In view of the repeated accusations which the prosecution has built up here and elsewhere from the camouflaging of measures, the denial of facts, I feel obliged to make a few remarks on the point as to whether there is any obligation at all in international politics to tell the truth. However it may be in peace time, in time of war at any rate one cannot recognize any obligation to tell the truth in a question which may be of advantage to the enemy. I need only to point to Hugo Grotius who says:

"One may conceal the truth wisely. Dissimulation is absolutely necessary and unavoidable."
What would it have meant for the military situation if U- boat sinkings in the instances dealt with here had not been denied but admitted? First of all, since that would have come to the knowledge of the enemy too, we should have lost the military advantage which lay in the misleading of his defence. Furthermore - and this is no less important - we might quite possibly have furnished our enemy with allies who would have helped him, at least with propaganda if not with their weapons. In view of the fact that some of the neutrals concerned were so dependent on England, they would probably not have recognized the German viewpoint as to the legitimacy of the operational areas, especially since this viewpoint was contrary to their own interests. It would have led to political tensions and, possibly, to armed conflicts. Our enemies would have derived the only immediate advantage from it. From the standpoint of the law this endeavour to camouflage the use of submarines even from the neutrals does not seem objectionable to me.

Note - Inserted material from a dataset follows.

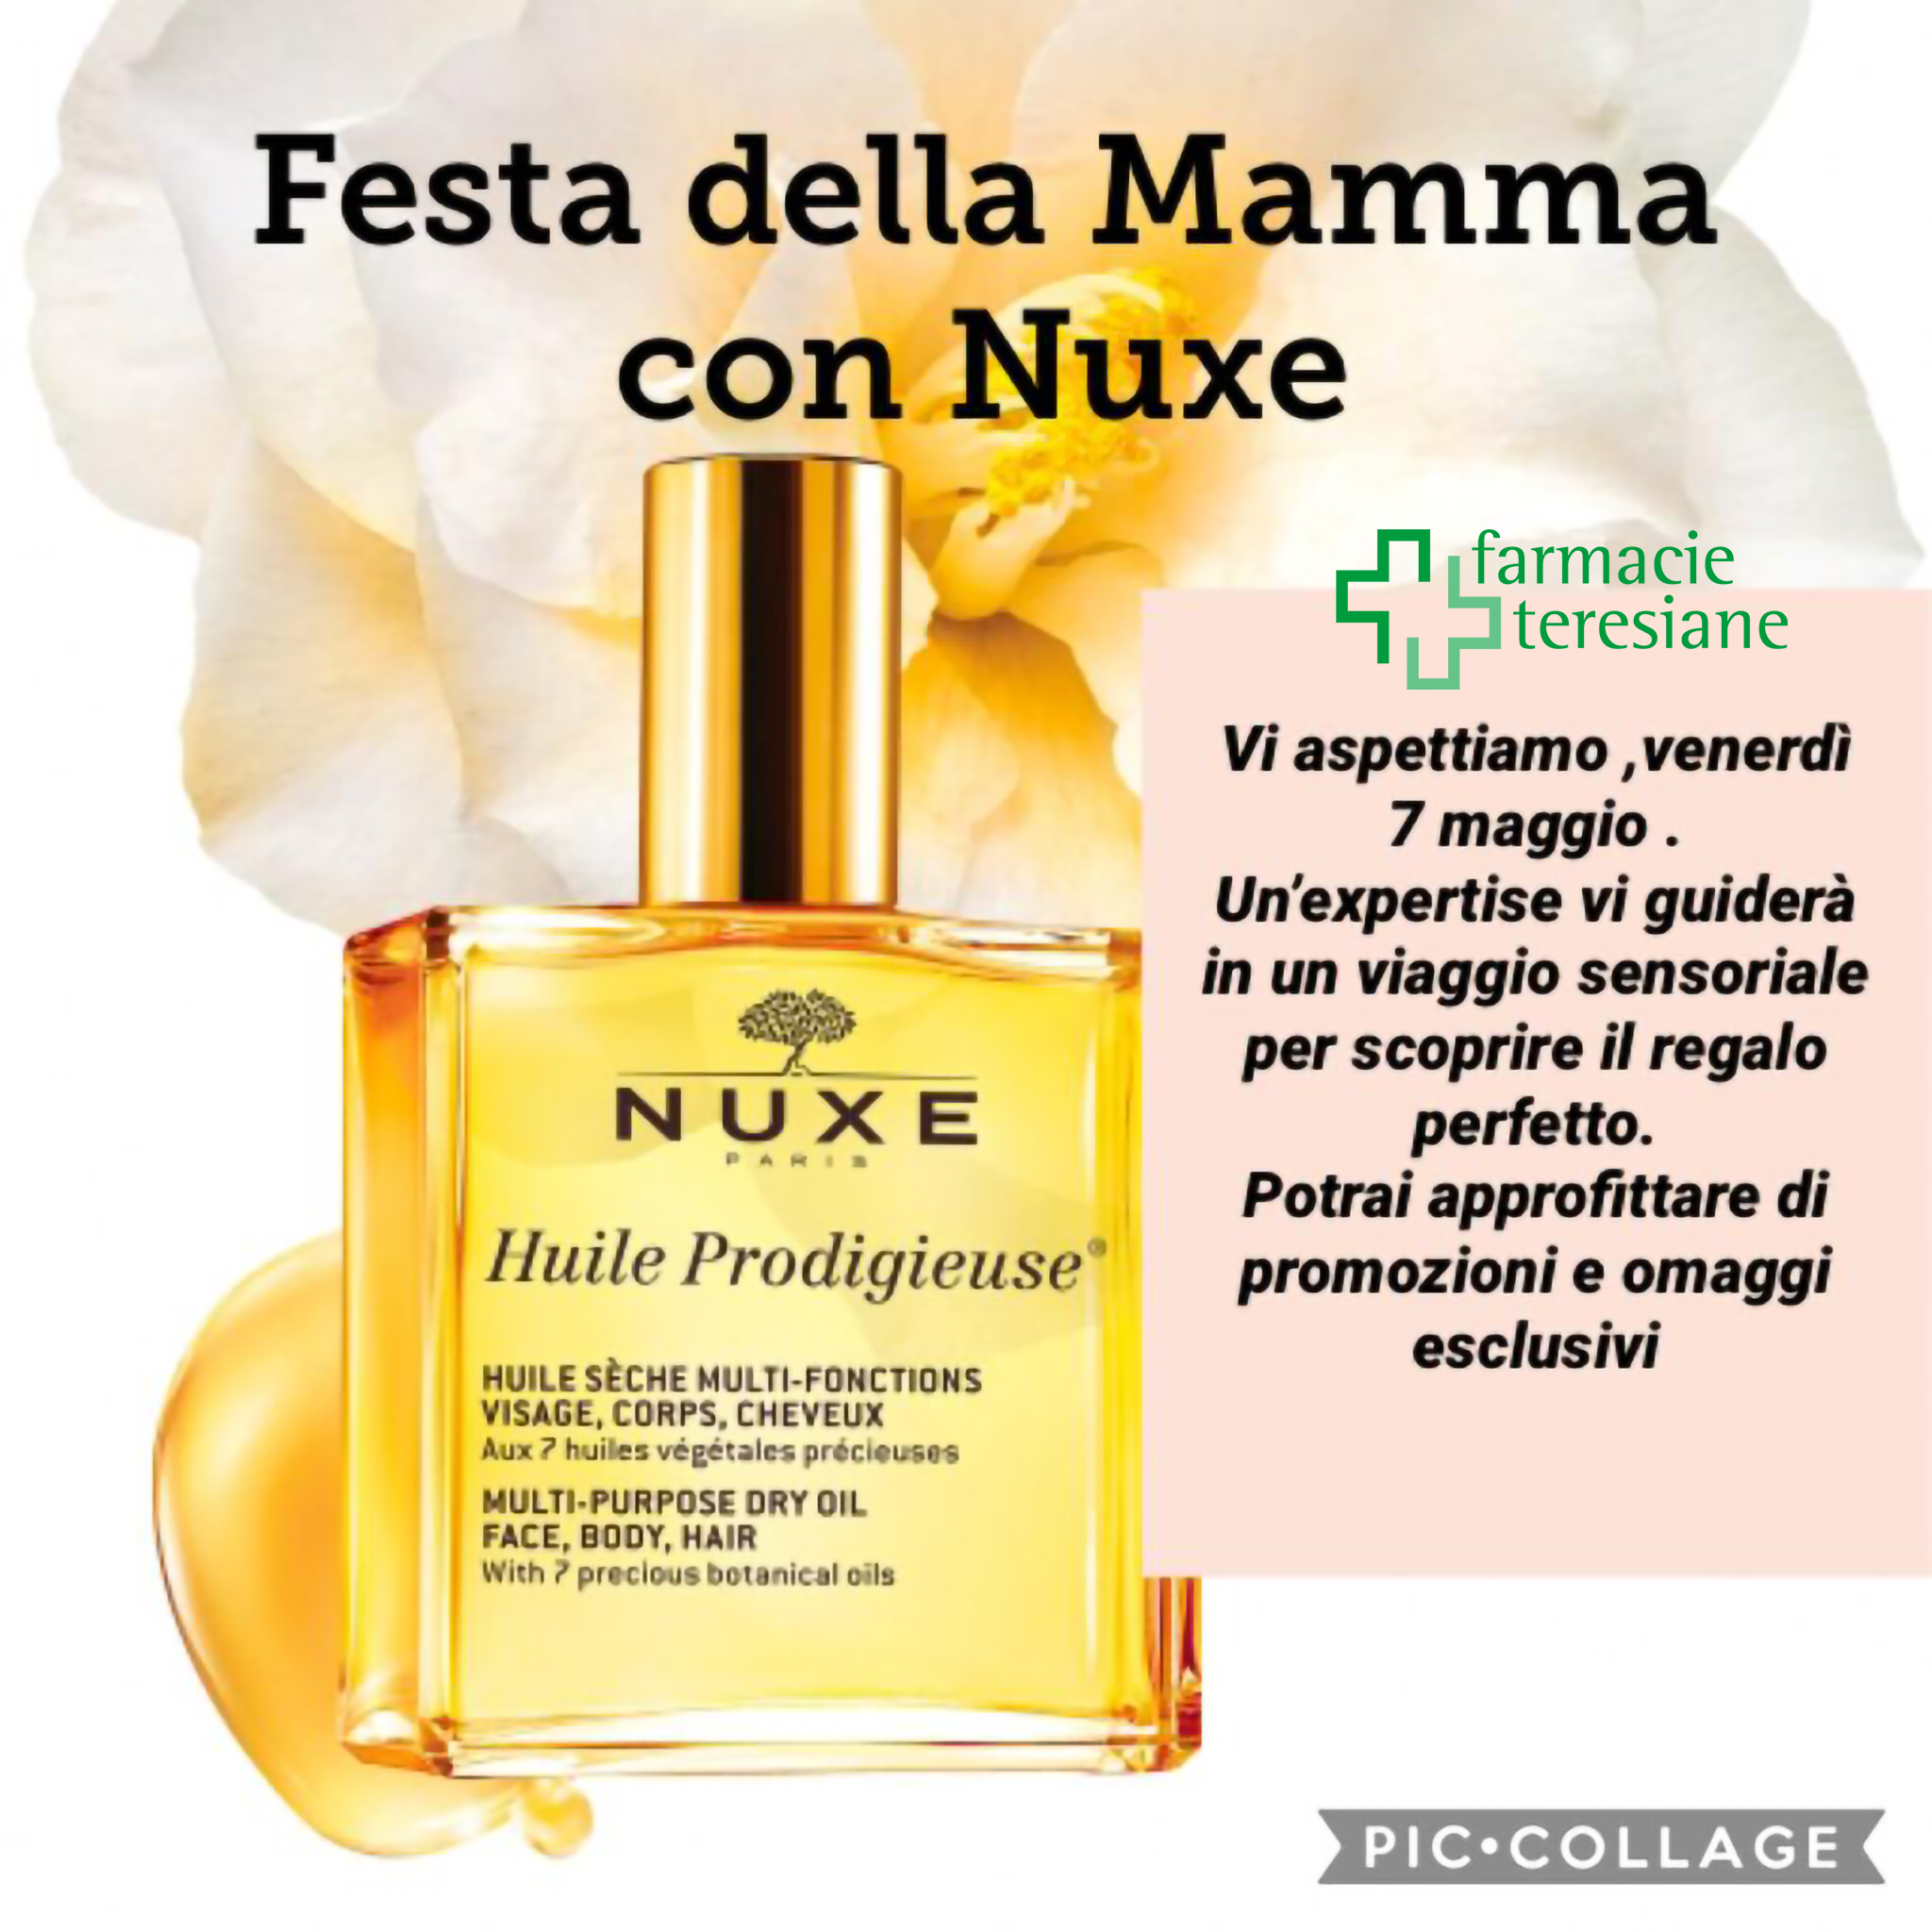 Venerdì 07 maggio dalle ore 15 Federica Amaglio, Nuxe expertise, vi accompagnerà alla scoperta delle esclusive fragranze e texture dei prodotti per il viso e per il corpo Nuxe.

But if the prosecution uses this with the intention of moral defamation, it applies standards here which heretofore have never been applied to the conduct of a war and to the politics of any other country in the world. It was precisely in naval warfare in which the same methods of camouflage were employed by the other side, too. The operational areas which Great Britain declared around the European coasts from Norway to Biscay were, with the exception of the Biscay area, declared mine danger zones. But we know from Churchill's statement of May, 1940, as well as from testimonies of witnesses that in these areas there were

[Page 10]

unlimited attacks with submarines, speedboats, and above all with aeroplanes. Consequently, very often neither the German Command nor the neutral country which had been attacked knew whether a loss sustained in such an area really should be traced back to a mine or to another weapon of naval warfare. To conclude that the camouflaging of a measure constitutes its illegality thus seems to me entirely without basis.

Within the German operational zone all ships were on principle attacked without warning. However, orders had been given to make exceptions in the case of certain neutrals, such as, in the beginning, Japan, the Soviet Union, Spain, and Italy. In this measure the prosecution saw the endeavour of the Naval Command to terrorise the smaller neutral countries whereas it dared not pick a quarrel with the big ones. The real reason for this differential treatment is given in Document 65-UK in the notes on the report which the Commander-in-Chief of the Navy made to the Fuehrer on 16th October, 1939.

According to this the neutral governments mentioned are requested to declare that they will not carry contraband of war, otherwise they will be treated just like any other neutral country. The reason for the different treatment was merely that certain countries were willing and in a position to forbid their boats to carry contraband of war to England, whereas others could not or would not do it because of their political attitude or their economic dependence on England. Therefore, it is not a question of terrorising the smaller neutrals and the sparing of the bigger ones, but of preventing traffic in contraband of war and the protection of legitimate commercial trade. Since no general legal maxim exists which compels the belligerent power to treat all neutral powers alike, no objection can be raised on the basis of International Law. It would indeed be strange if here, in the name of humanity, the demand were made that German submarines should have sunk even those ships which they did not want to sink at all.